- _Problem_: Starting at the line that contains "Converse x Hello" and stopping after the line that contains "Titanic Engine Room", transcribe the listing below exactly; do not include any pictures.

- _Information shown_:
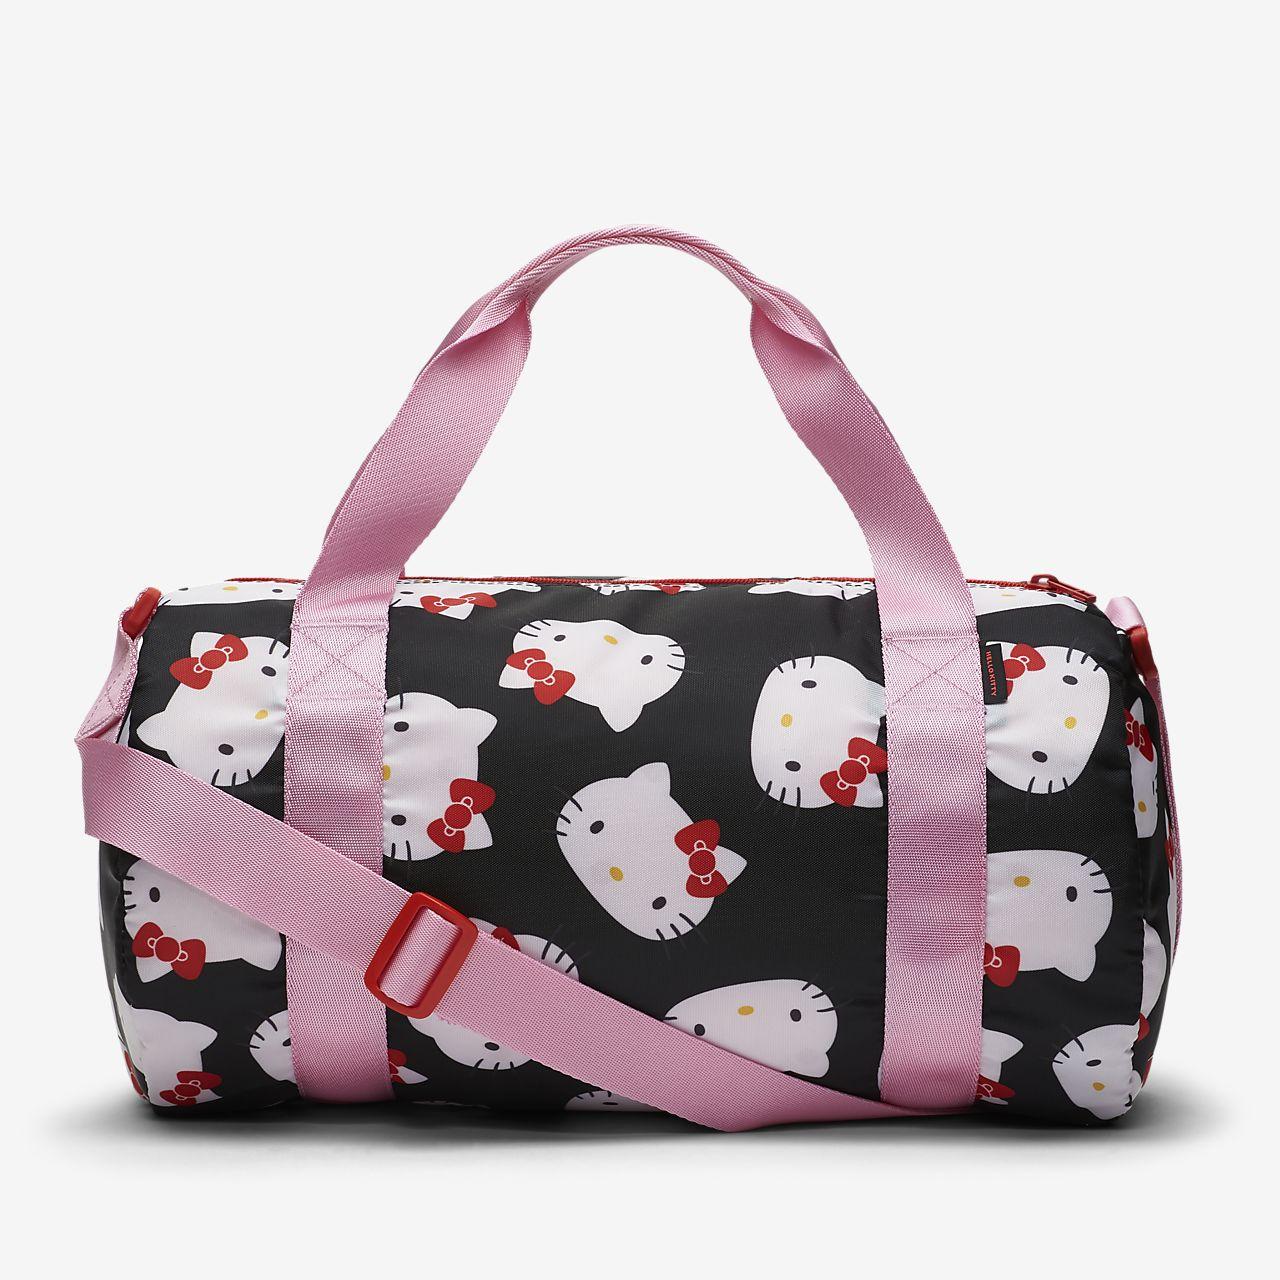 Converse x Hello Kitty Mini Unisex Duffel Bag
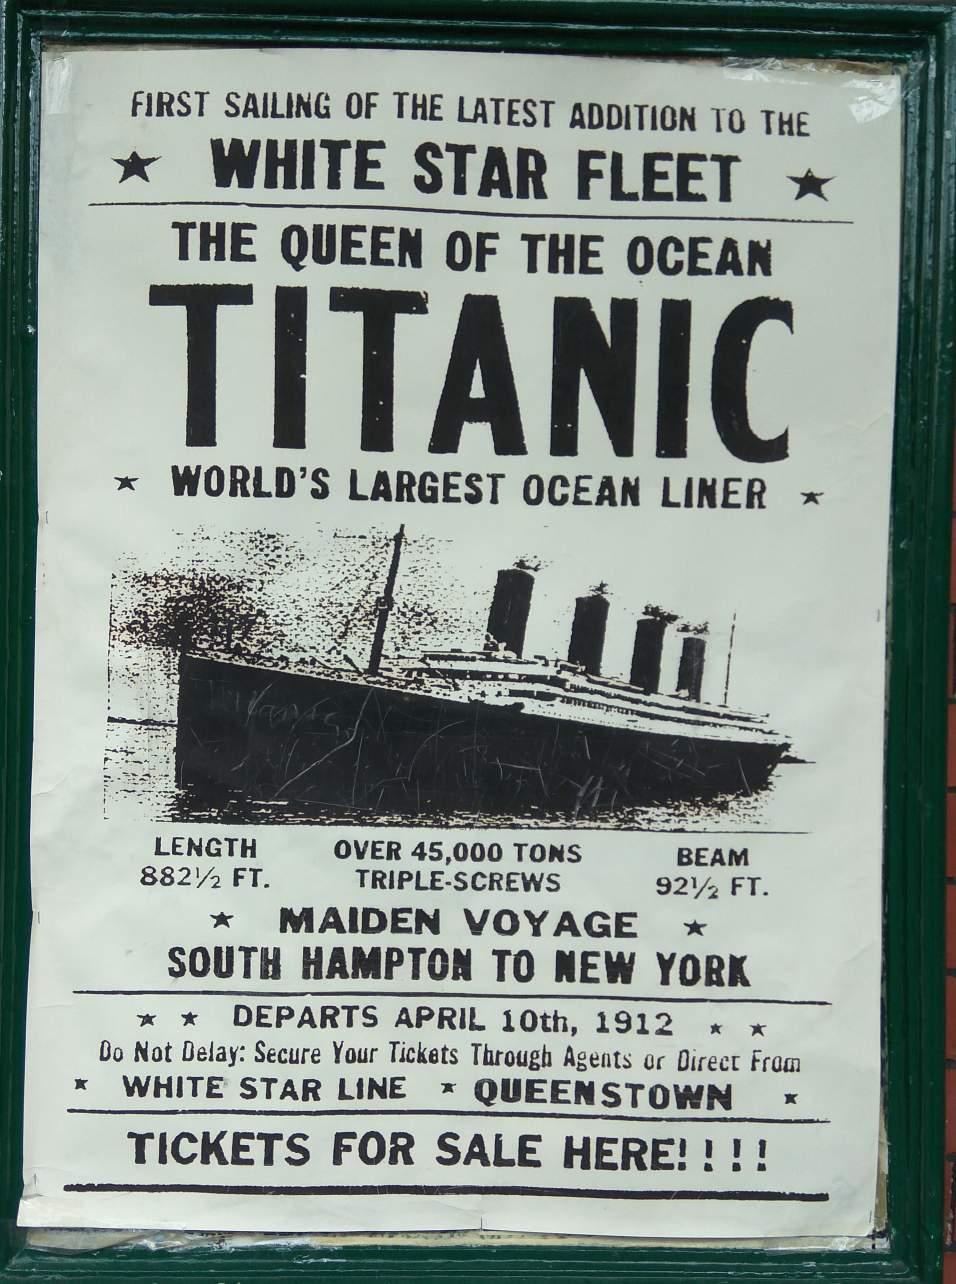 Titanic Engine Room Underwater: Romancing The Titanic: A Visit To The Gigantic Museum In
--
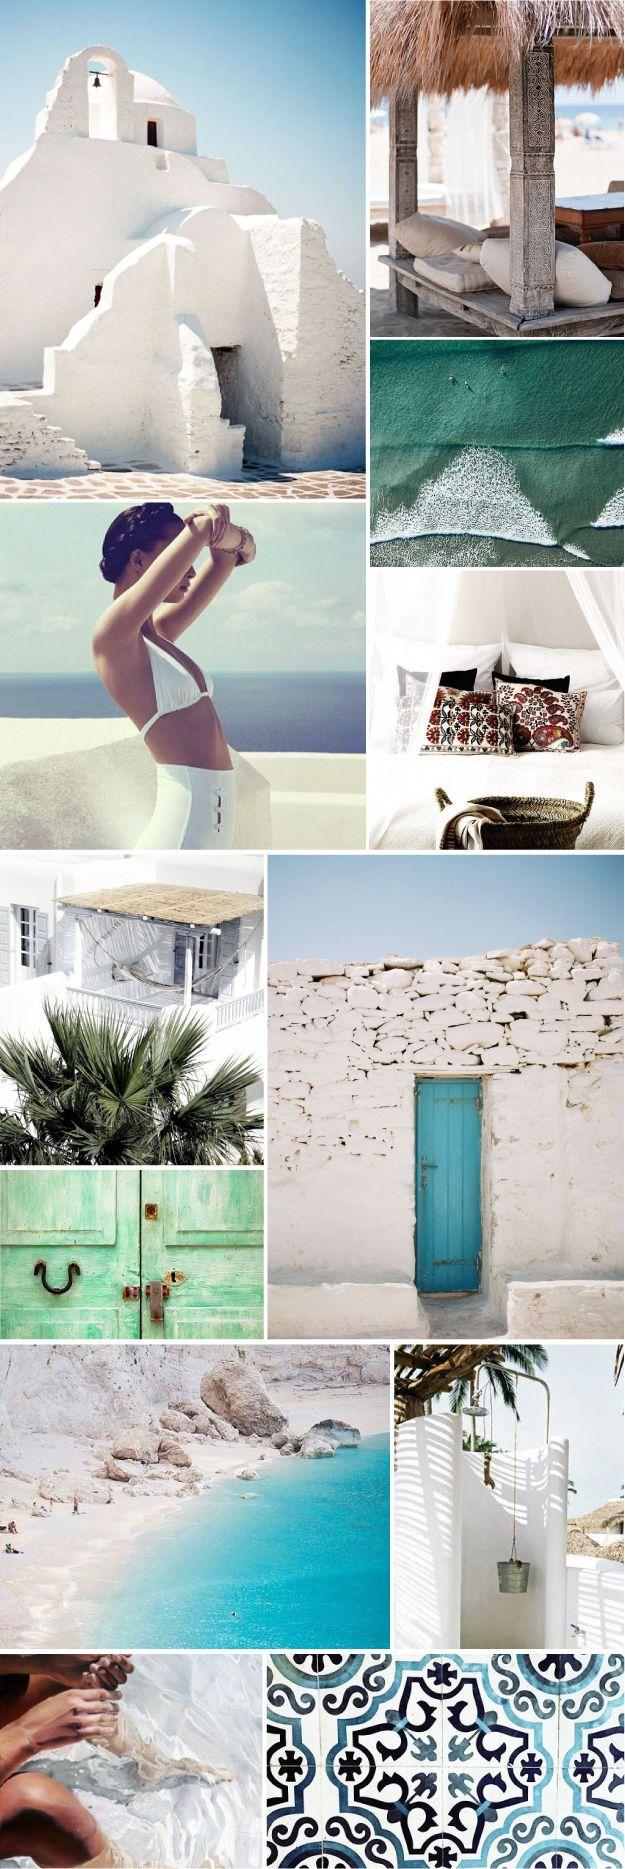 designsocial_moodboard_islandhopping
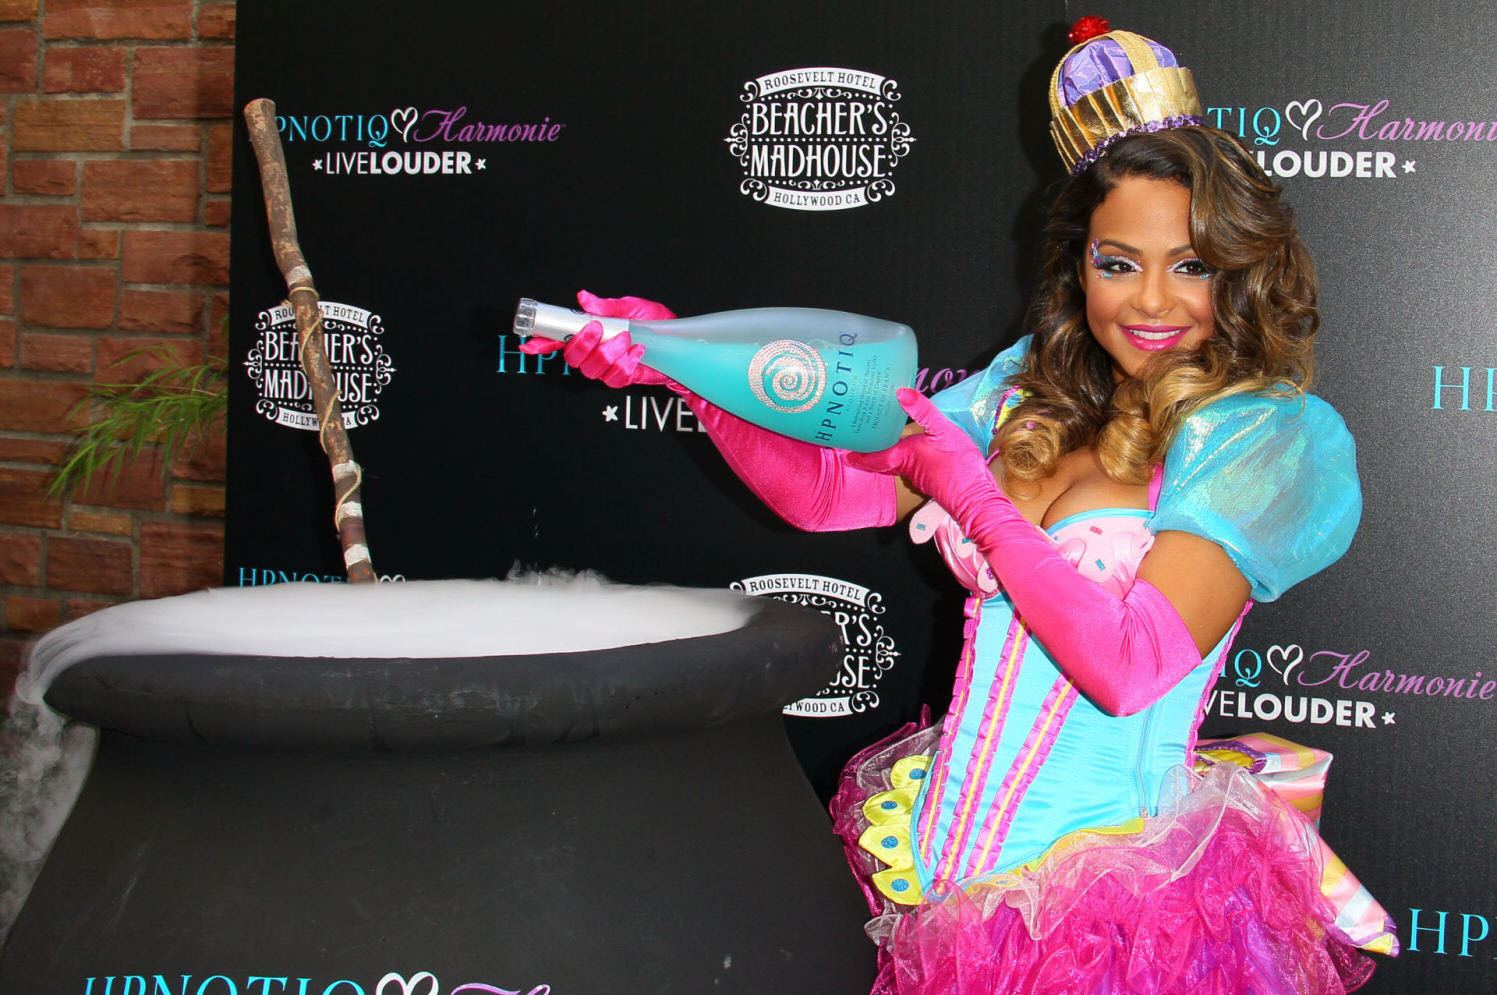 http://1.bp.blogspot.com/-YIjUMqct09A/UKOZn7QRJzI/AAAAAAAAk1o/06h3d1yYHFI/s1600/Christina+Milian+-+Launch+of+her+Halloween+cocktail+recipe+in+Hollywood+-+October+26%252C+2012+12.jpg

- _Problem solution_:
 Converse x Hello Kitty Mini Unisex Duffel Bag
 Titanic Engine Room Underwater: Romancing The Titanic: A Visit To The Gigantic Museum In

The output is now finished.